Fire, Blood and Debris

DISCLAIMER: I don't own anything related to The Mentalist or I See Fire.

WARNING: If you're not into dark literature in general or have a problem with portrayal of violence or character death, DO NOT READ. Thank you.

*A/N* The title and the lyrics at the end are taken from "I See Fire" by Ed Sheeran.

I don't really know how I ended up writing this. Anyways, it's done and I hope you'll enjoy it. A huge thanks goes to LetMeWalkTheEarthWithYou who gave this a read beforehand!

You'll find another alternative ending to the Mentalist in my story "Three Bullets, Three Victims" on my profile.


It all came to an end just like she had always thought it would, except for the sky. In her nightmares, heavy clouds had been suffocating the moonlight, making the flames that were devouring the building the only light in the dark.

A ghostly silence filled the night air, disrupted only by the cracking and whooshing of the fire.

On the wallpapers that were slowly smouldering off the walls, blood was splattered like black ink. A handful of bodies lay in the corridors, mindlessly cast aside like a broken toy, their guns beside them, just out of their fingers' reach.

While the floorboards and the furniture were already ablaze and the window panes long shattered, the old couch in the corner was putting up a fight.
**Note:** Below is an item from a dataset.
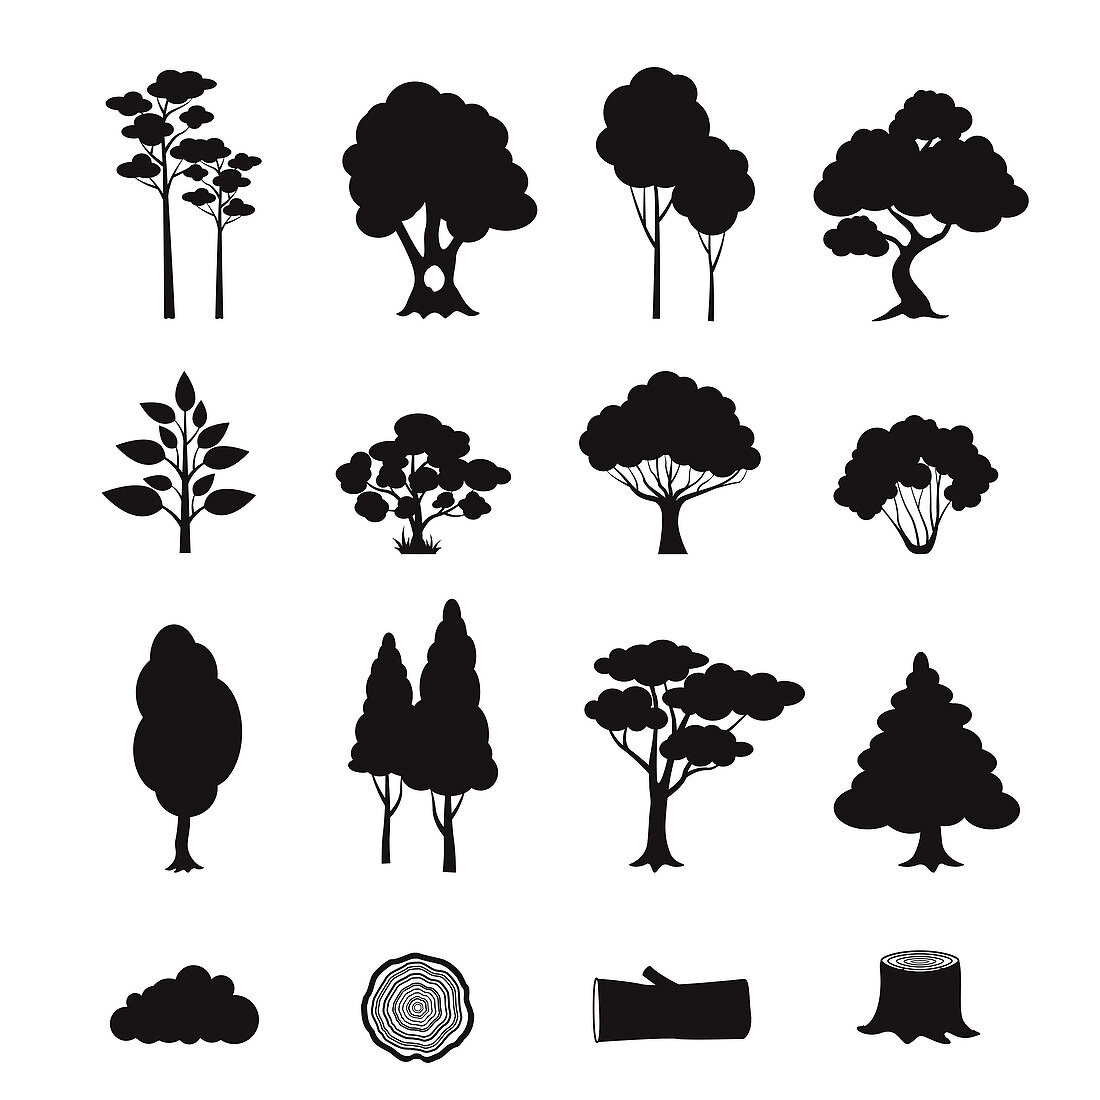 Tree icons, illustration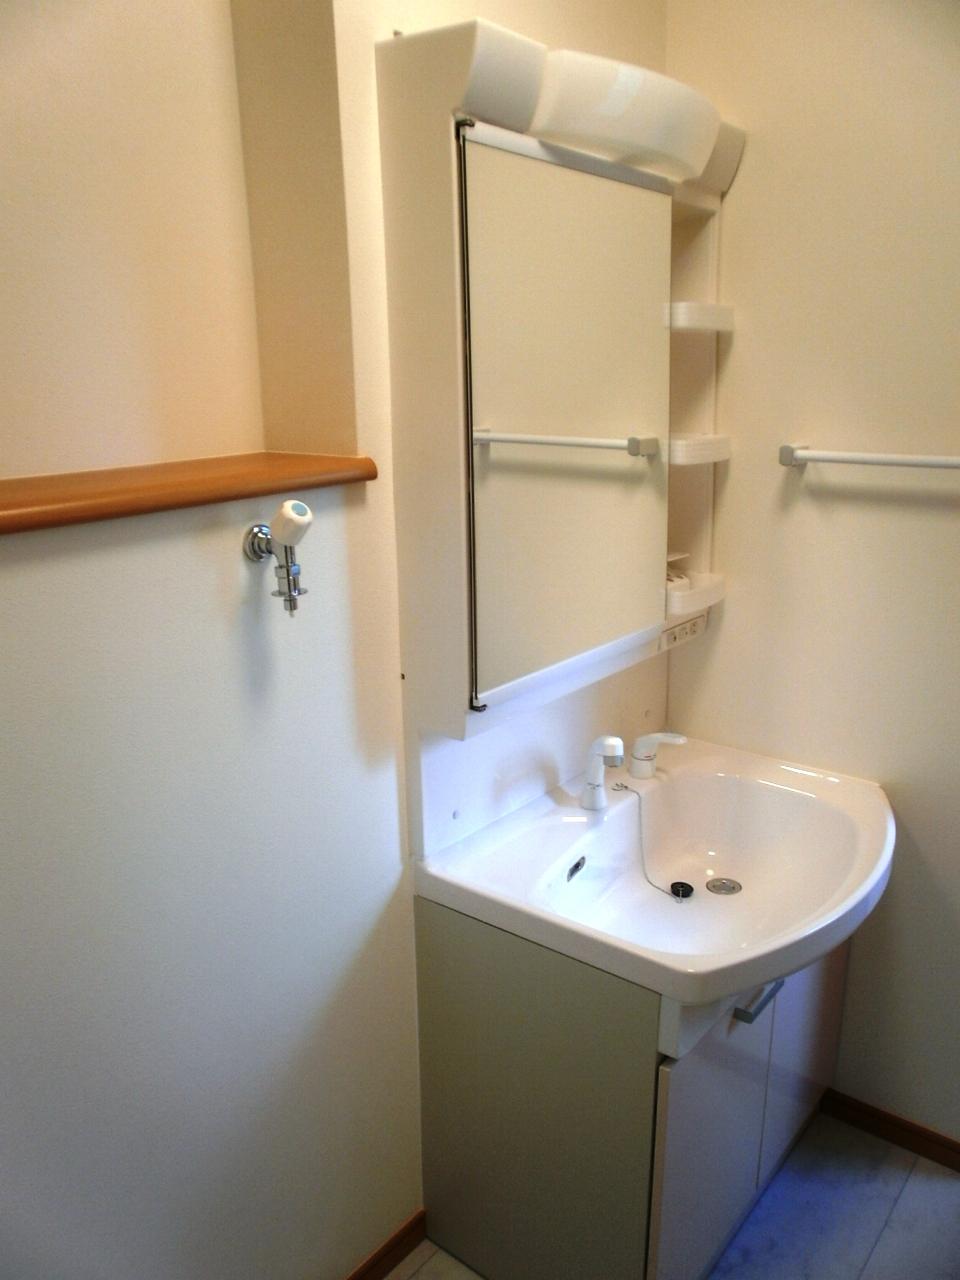 Wash basin, toilet. Indoor (April 13, 2013) Shooting

Its surface was badly singed, the flames had tainted the battered leather pitch black, but the fire had not conquered it just yet.

On one of the desks, within the inferno of orange flames and golden-shimmering shards of glass and black smoke, stood a turquoise teacup and saucer. Its ridiculously cheerful colour seemed almost insulting and it looked so misplaced and fragile, but it made its stand, resolutely facing the heat.

Down on the ground floor near the exit, where the fire had not spread as far, lay a man in a sea of shattered glass.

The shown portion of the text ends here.